Making it Easy with Rayon

A library named "Rayon" is the gold-standard for easy thread-based concurrency in Rust. It actually uses another crate (crossbeam) under the hood, but it provides a much simpler interface for the most common use cases. Rayon can help you with a lot of tasks. Let's work through using it.

Parallel Iterators

This example is in the rayon_par_iter directory, in the 02_threads directory.

Let's start by adding Rayon to the project:

cargo add rayon

Probably the nicest addition Rayon bring is par_iter. The majority of things you can do with an iterator, you can auto-parallelize with par_iter. For example:

use rayon::prelude::*;

fn main() {
    let numbers: Vec<u64> = (0 .. 1_000_000).collect();
    let sum = numbers.par_iter().sum::<u64>();
    println!("{sum}");
}

Rayon creates a thread-pool (1 thread per CPU), with a job queue.

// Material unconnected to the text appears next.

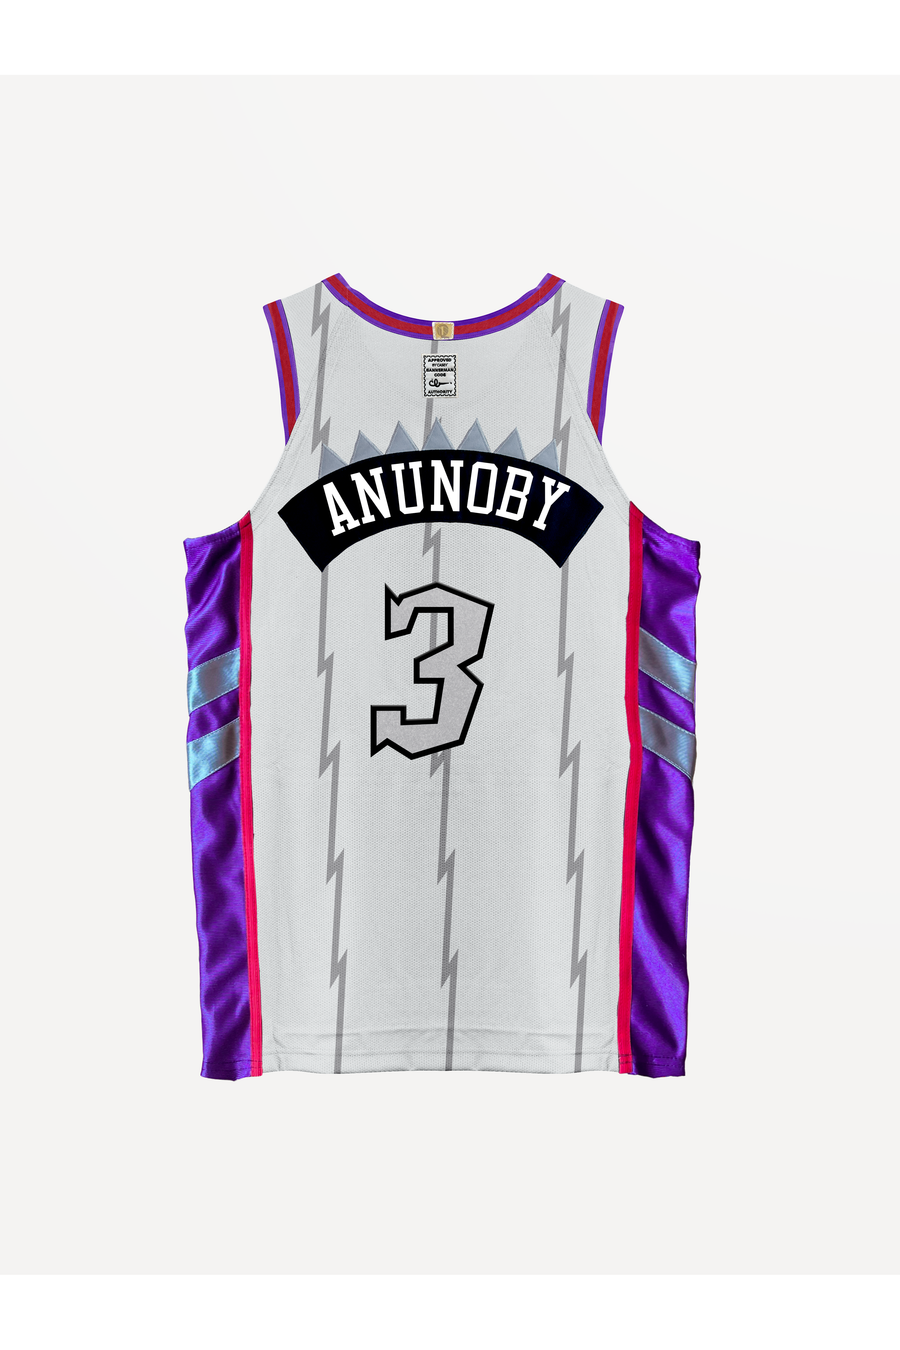 TORONTO TRIBUTE HOME VARIANT JERSEY
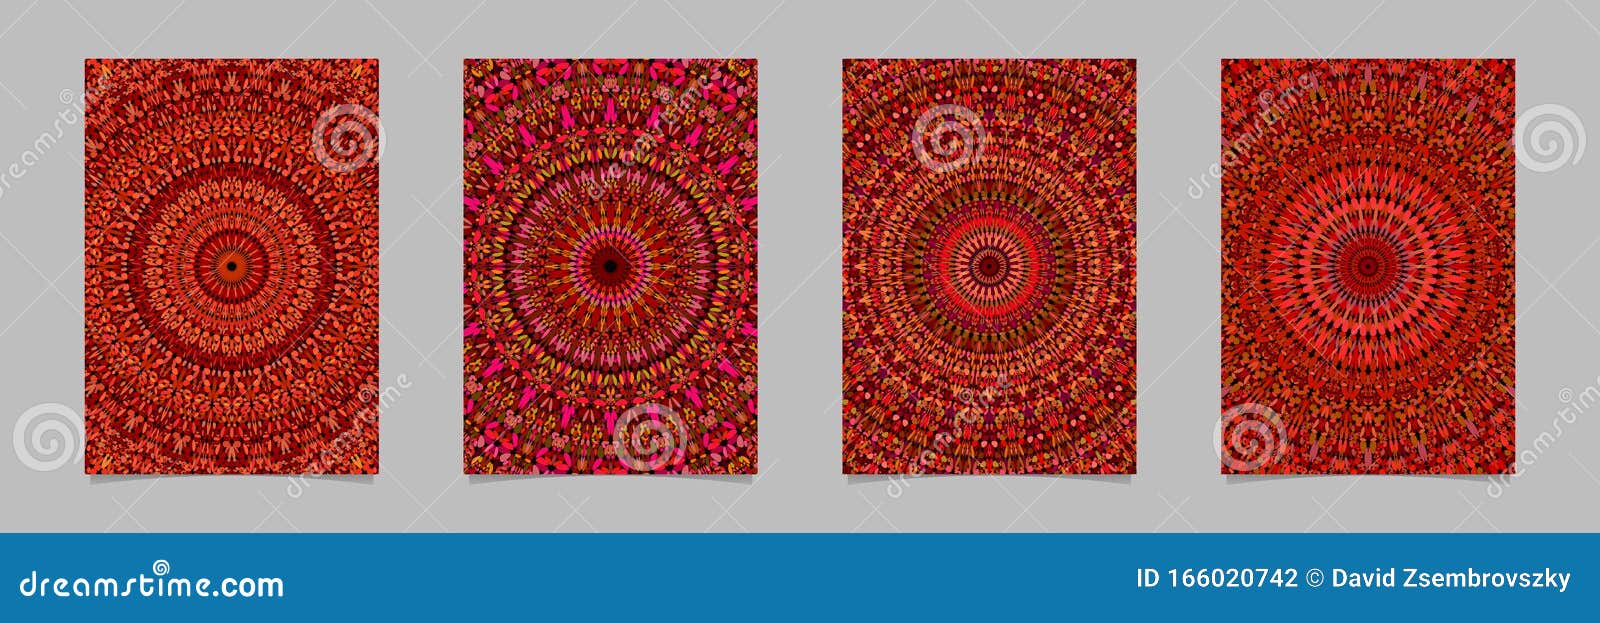 Red abstract petal kaleidoscope mandala page background template set - vector stationery designs

The queue implements work-stealing (no idle threads), and supports "sub-tasks" - a task can wait for another task to complete. It really is as simple as using par_iter() (for an iterator of references), par_iter_mut() (for an iterator of mutable references), or into_par_iter() (for an iterator of values that moves the values).

Let's do another test, this time with nested tasks. We'll use a really inefficient function for finding prime numbers:

#![allow(unused)]
fn main() {
fn is_prime(n: u32) -> bool {
    (2 ..= n/2).into_par_iter().all(|i| n % i != 0 )
}
}

And we can parallelize a search of a million numbers as follows:

#![allow(unused)]
fn main() {
// Print primes below 1,000
let now = Instant::now();
let numbers: Vec<u64> = (2 .. 1_000_000).collect();
let elapsed = now.elapsed();
let mut primes: Vec<&u64> = numbers.par_iter().filter(|&n| is_prime(*n as u32)).collect();
primes.sort();
println!("{primes:?}");
println!("It took {} ms to find {} primes", elapsed.as_millis(), primes.len());
}

The result on my PC is: It took 4 ms to find 78498 primes. In other words, it took longer to sort and print the result than it did to calculate it.

Fortunately, Rayon can parallelize the sort, too:

#![allow(unused)]
fn main() {
primes.par_sort_unstable();
}

That knocked a few more milliseconds off the time.